Transcribe exactly, and without pictures, only the lines from the one bearing "Clutter of Cats Vinyl Sticker" through the final line of the data below.

*** Data below Section Begins ***

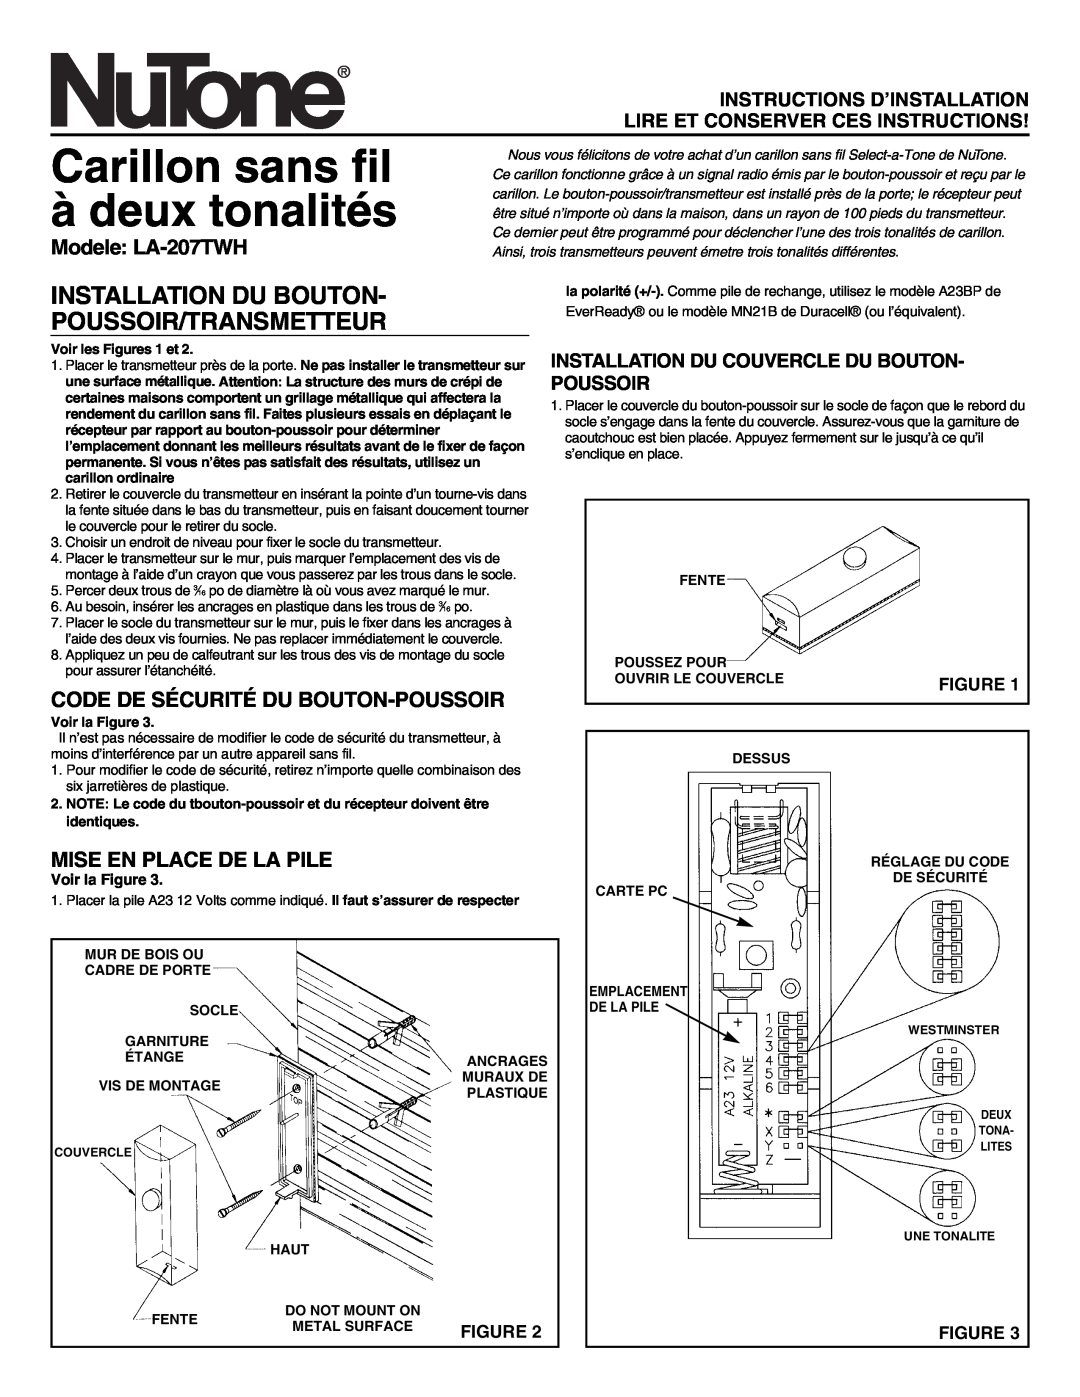 NuTone manual Carillon sans fil à deux tonalités, Installation Du Bouton Poussoir/Transmetteur, Modele LA-207TWH 
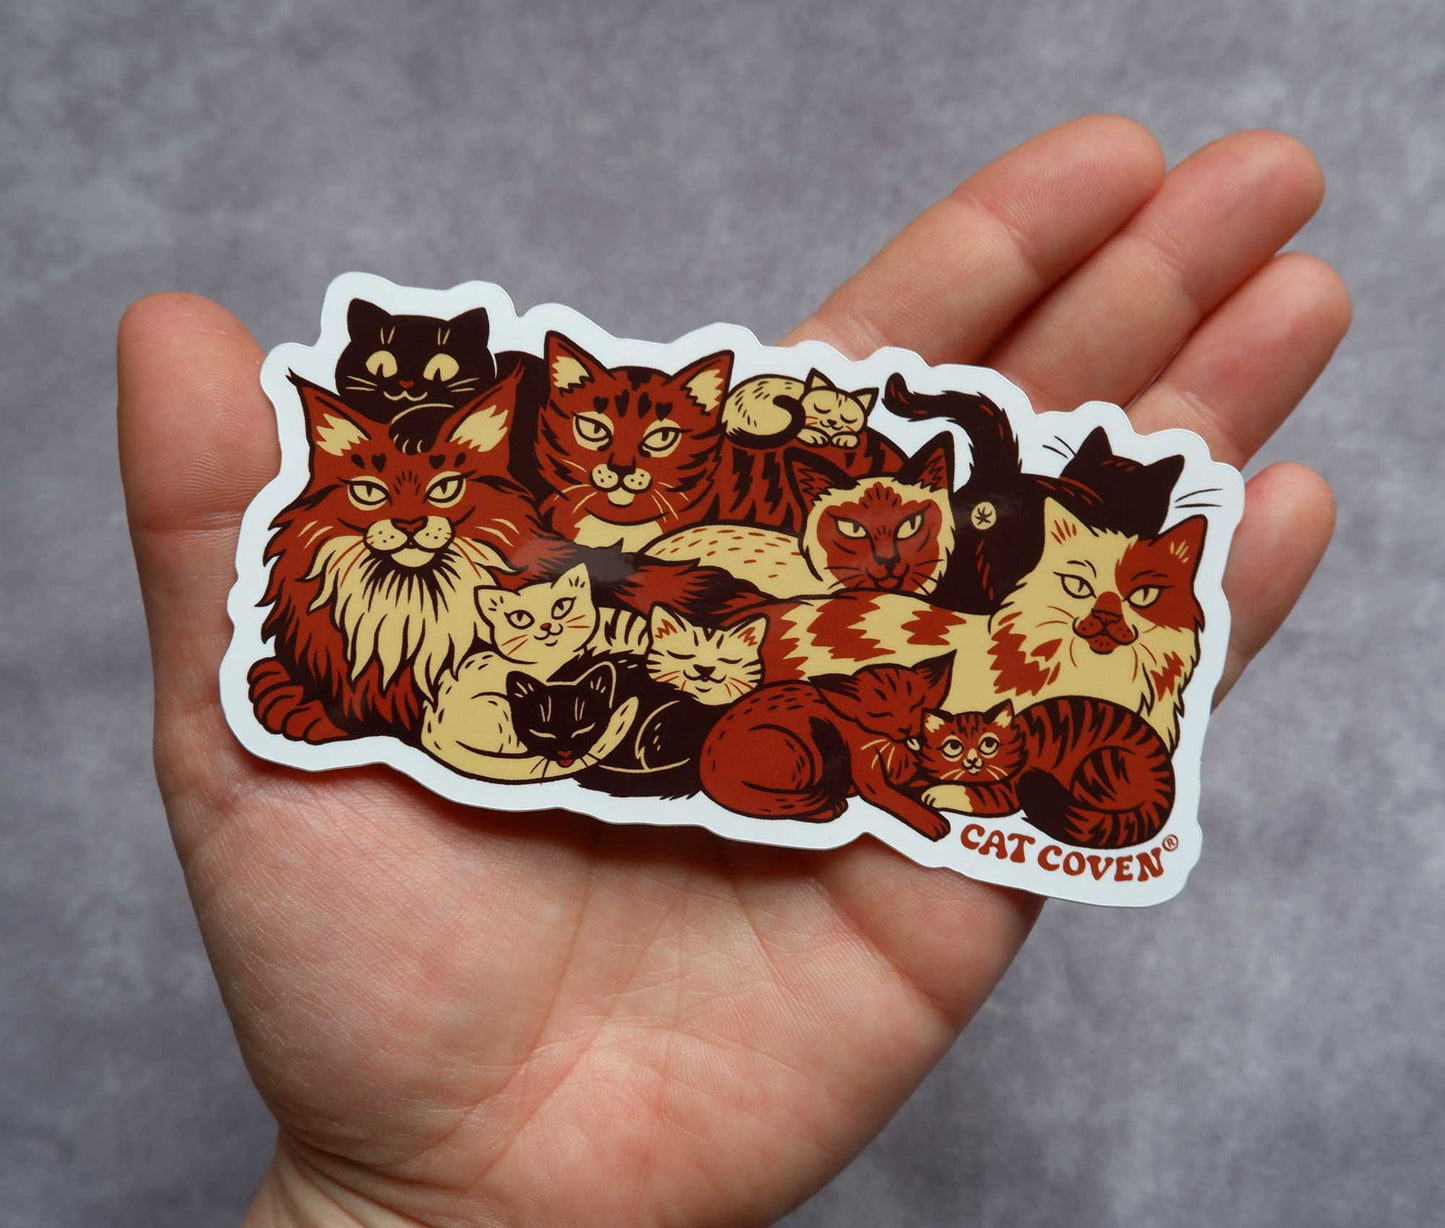 Clutter of Cats Vinyl Sticker
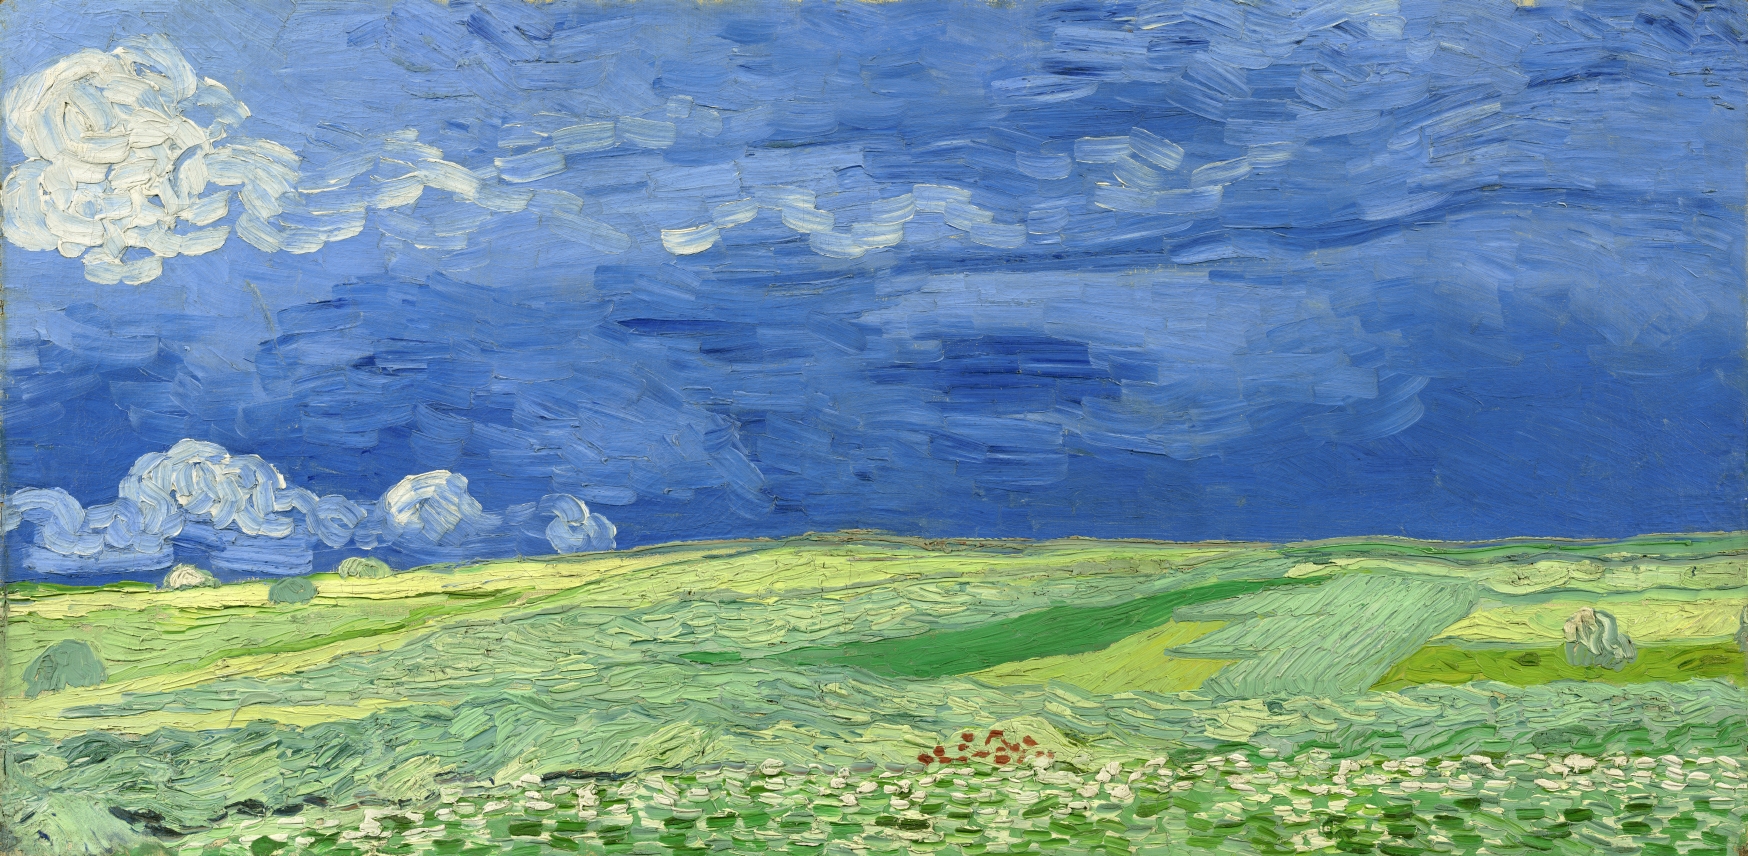 Vincent van Gogh (1853-1890), Champ de blé sous des nuages d’orage, 1890. Huile sur toile, 50,4 x 101,3 cm. Amsterdam, Van Gogh Museum (Vincent van Gogh Foundation). Photo service de presse. © Van Gogh Museum, Amsterdam (Vincent van Gogh Foundation)

*** Data below Section Ends ***

» Response for this exercise:
 Clutter of Cats Vinyl Sticker
 Vincent van Gogh (1853-1890), Champ de blé sous des nuages d’orage, 1890. Huile sur toile, 50,4 x 101,3 cm. Amsterdam, Van Gogh Museum (Vincent van Gogh Foundation). Photo service de presse. © Van Gogh Museum, Amsterdam (Vincent van Gogh Foundation)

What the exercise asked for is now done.